So once again, I find myself in the last week of my cycle and waiting for either the infamous AF or, hopefully, a BFP. To someone who does not have to work so hard to TTC, they might not understand how it feels throughout the month.
In the beginning of my cycle, it's really a mix of emotions. I'm disappointed that I'm not pregnant for another month, but I quickly go to preparing myself for what I need to do for my next month in order to TTC again. Then there's all the other things in between, like meds, and temping, and OPK's and the right lubricant. So meanwhile I'm having to put my body through all this "stuff" and all Bob has to do is show up for sex. Yeah, poor Bob!
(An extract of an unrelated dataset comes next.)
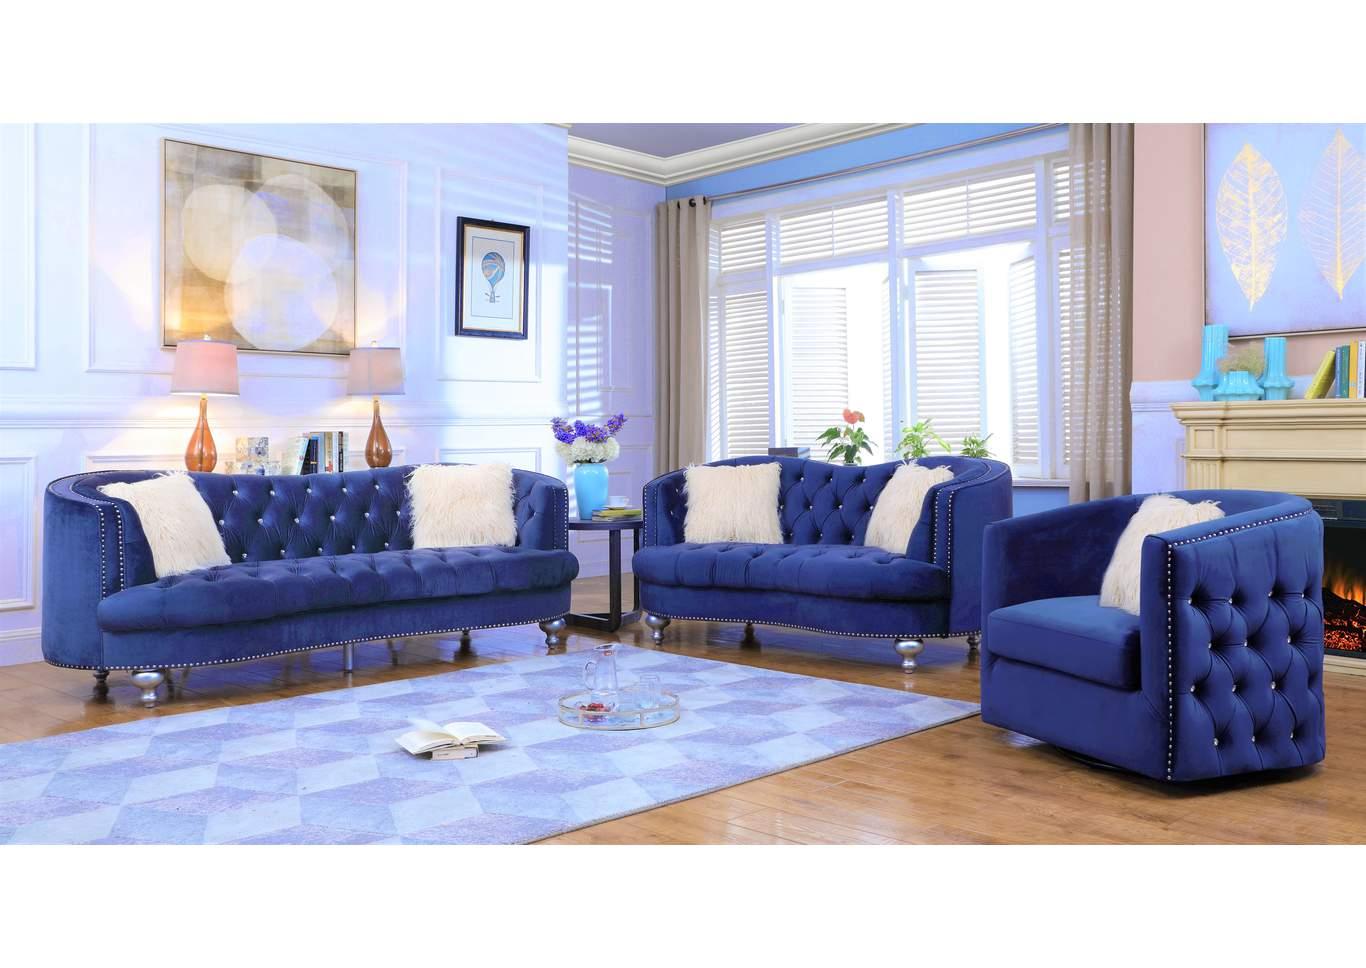 Contemporary, Modern Sofa Set AFREEN GHF-808857892751-Set-3 in Navy blue Velvet

And then I get to this week, the last week of my cycle, and I sit and wait. I know at this point that we've done all we can for a month, but the wait is agony. I look for signs, any signs, that I may or may not be pregnant. This week is a little different in that I'll go in on Wednesday for blood work to check my progesterone level; if it's high, than I've successfully ovulated - low and it's another cycle of Clomid. And then even if I have ovulated, there's no guarantee that this is the month.
I fully admit that I'm tired. Sometimes I wonder if I really want to do this anymore. Why, especially after losing Robert, that I have to work so hard to become pregnant again? And then I remember that God knows so much better than I do what is best for me. He knows my body inside and out. He quietly urges me to have faith and keep believing that he has it all under control. He requires that I surrender my fertility, just like everything else, to him and him alone.